┌────────

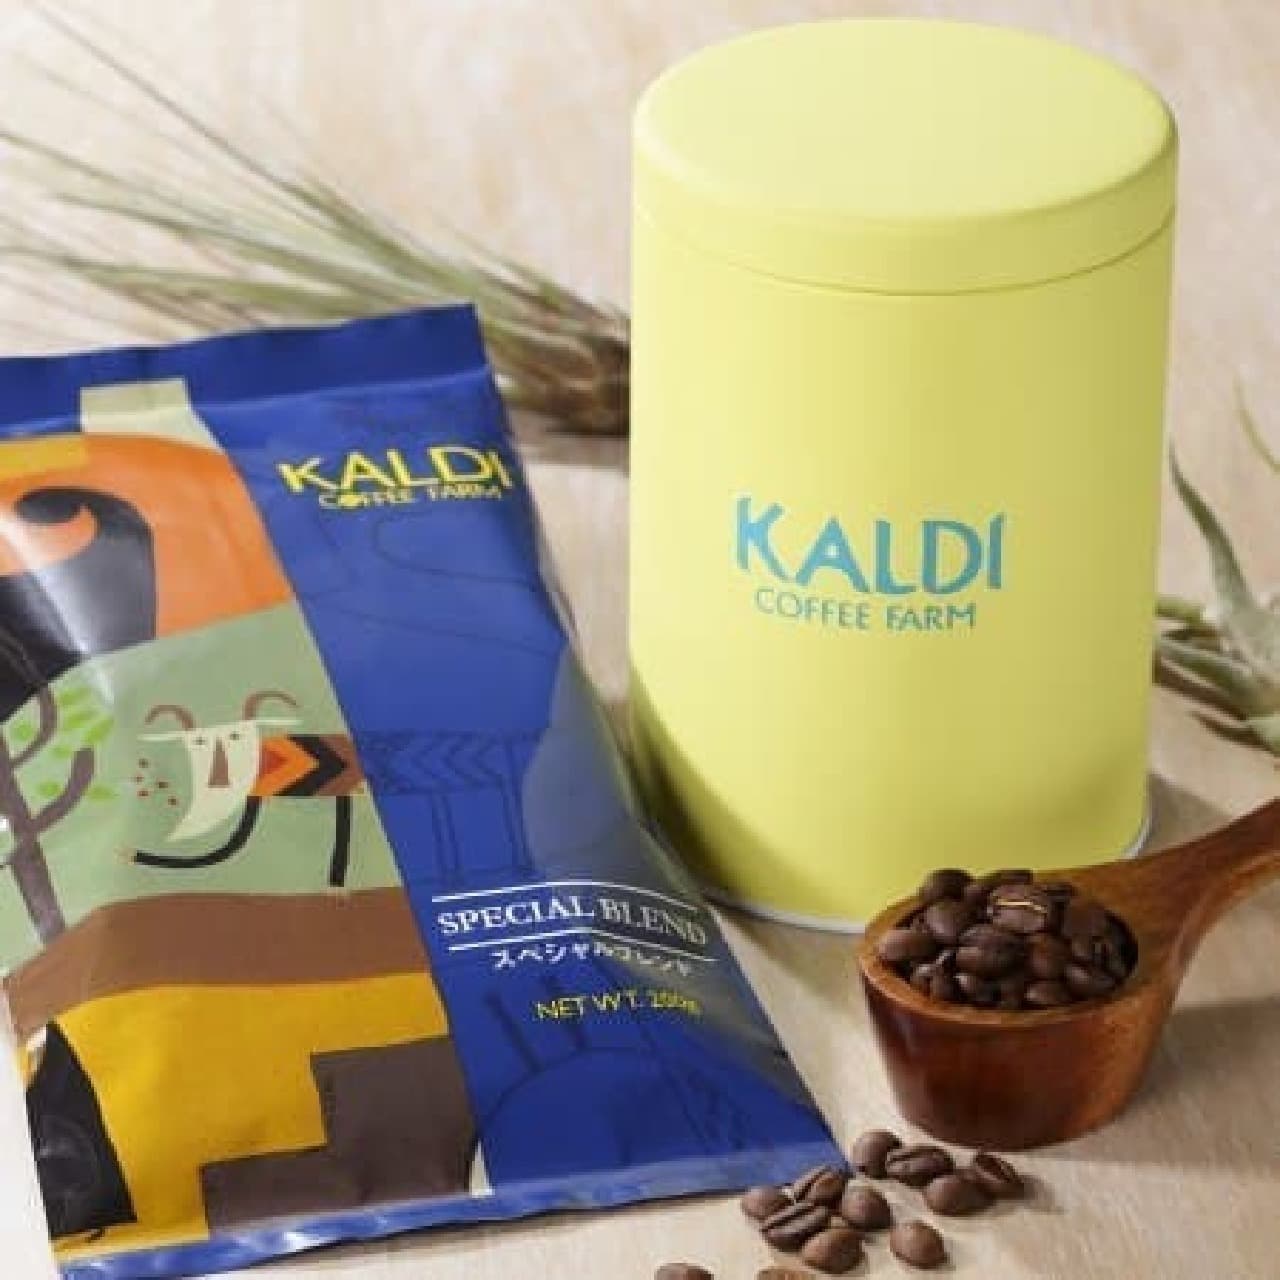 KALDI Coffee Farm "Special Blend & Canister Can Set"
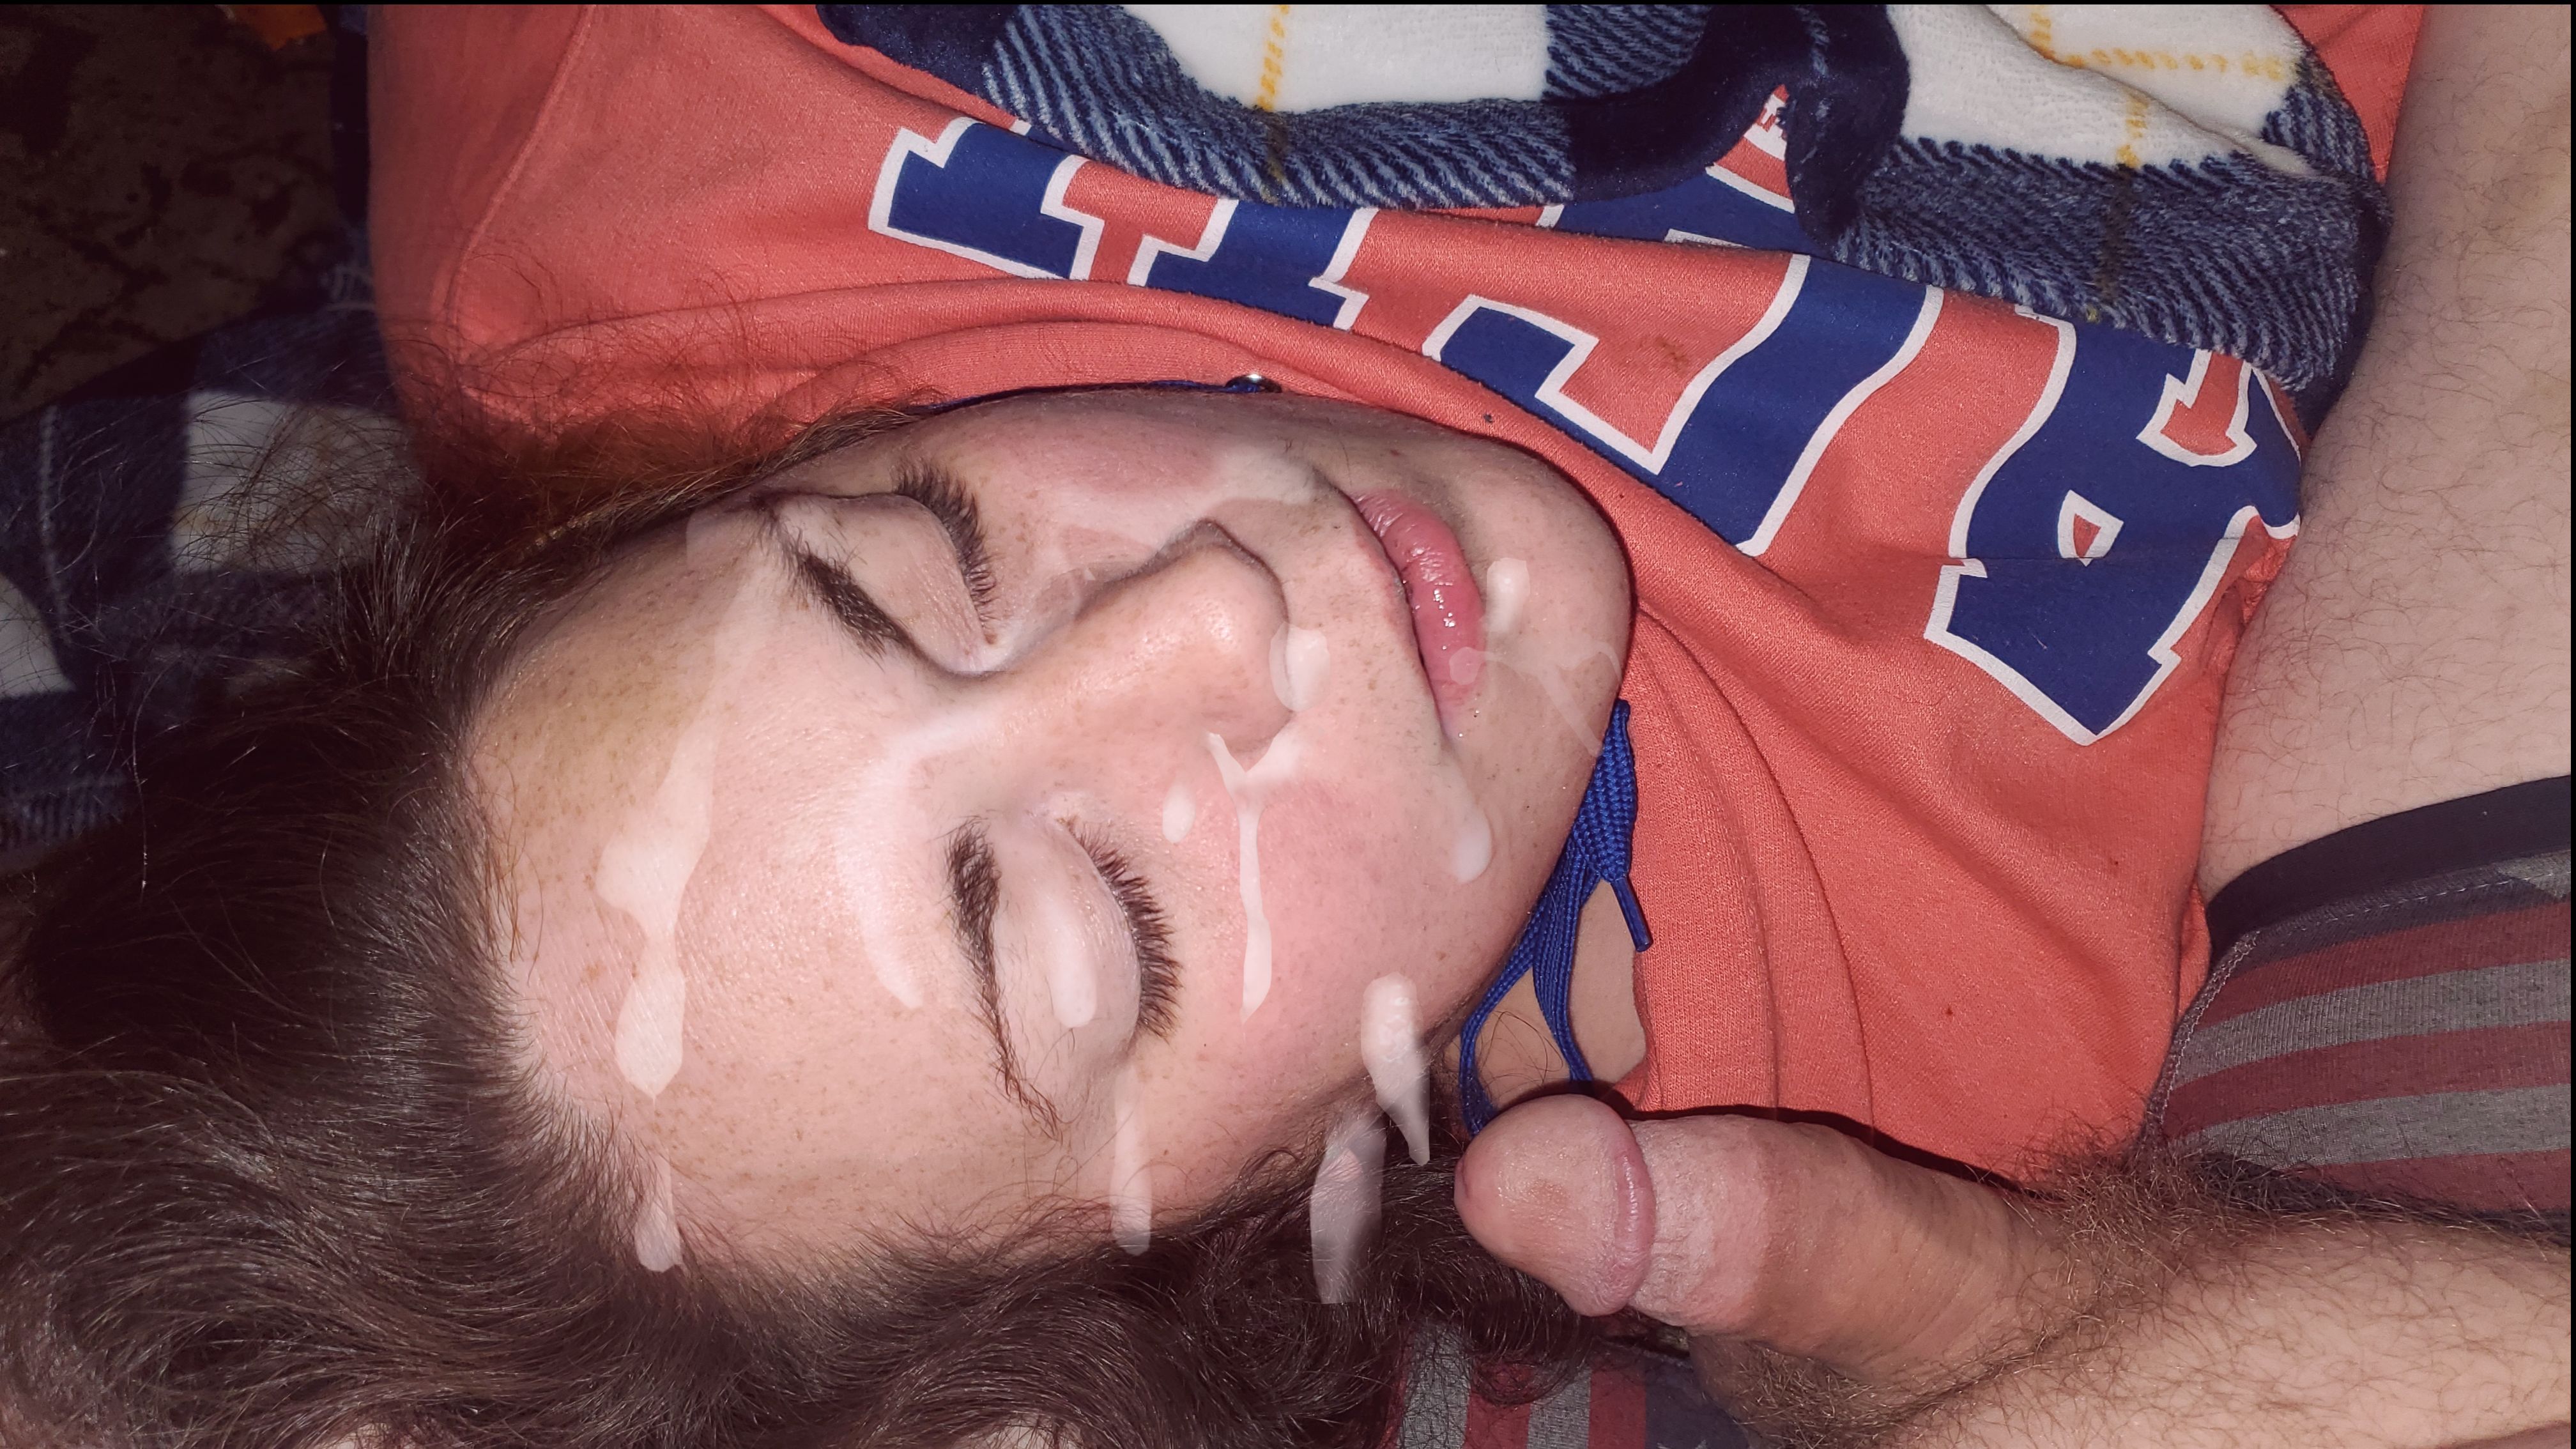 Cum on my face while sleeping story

└────────
┌────────

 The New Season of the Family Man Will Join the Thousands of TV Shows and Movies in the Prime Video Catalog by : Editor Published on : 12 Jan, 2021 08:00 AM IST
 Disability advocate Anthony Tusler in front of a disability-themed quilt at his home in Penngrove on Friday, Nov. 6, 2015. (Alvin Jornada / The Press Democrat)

└────────
┌────────

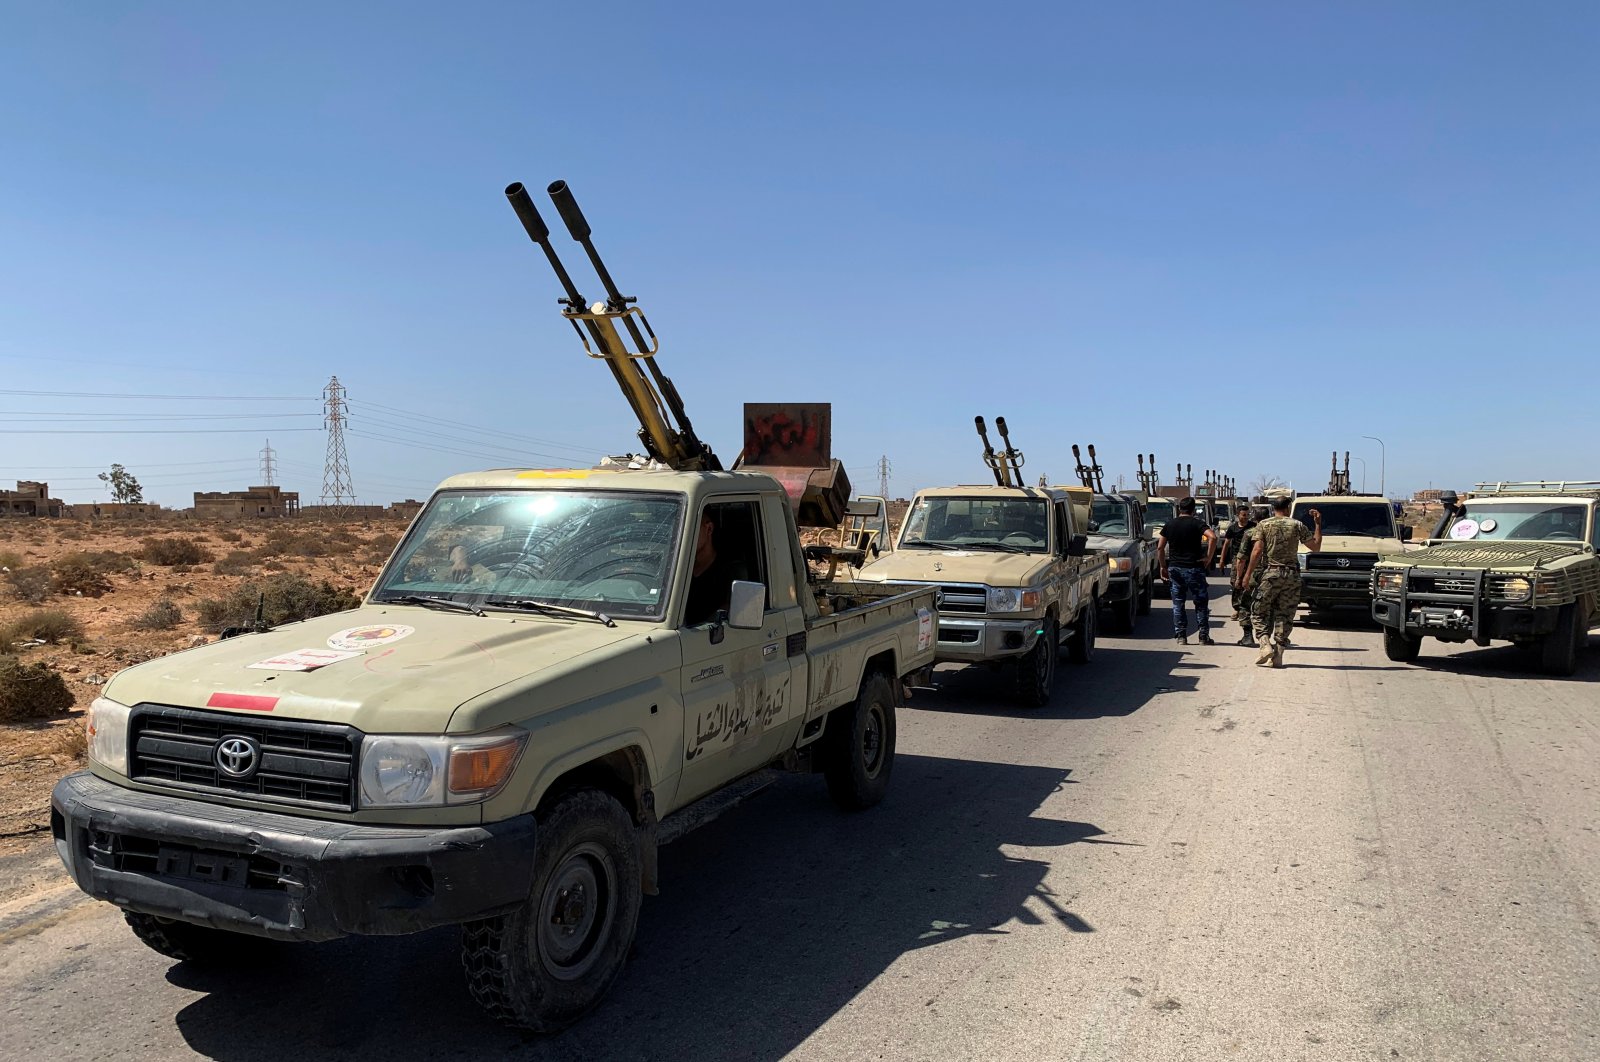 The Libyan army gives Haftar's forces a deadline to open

└────────

- **Problem statement**
Since only part of the listing is wanted, copy exactly the lines from the one holding "The New Season" to the one holding "Disability advocate Anthony", both included.

- **Response below**
 The New Season of the Family Man Will Join the Thousands of TV Shows and Movies in the Prime Video Catalog by : Editor Published on : 12 Jan, 2021 08:00 AM IST
 Disability advocate Anthony Tusler in front of a disability-themed quilt at his home in Penngrove on Friday, Nov. 6, 2015. (Alvin Jornada / The Press Democrat)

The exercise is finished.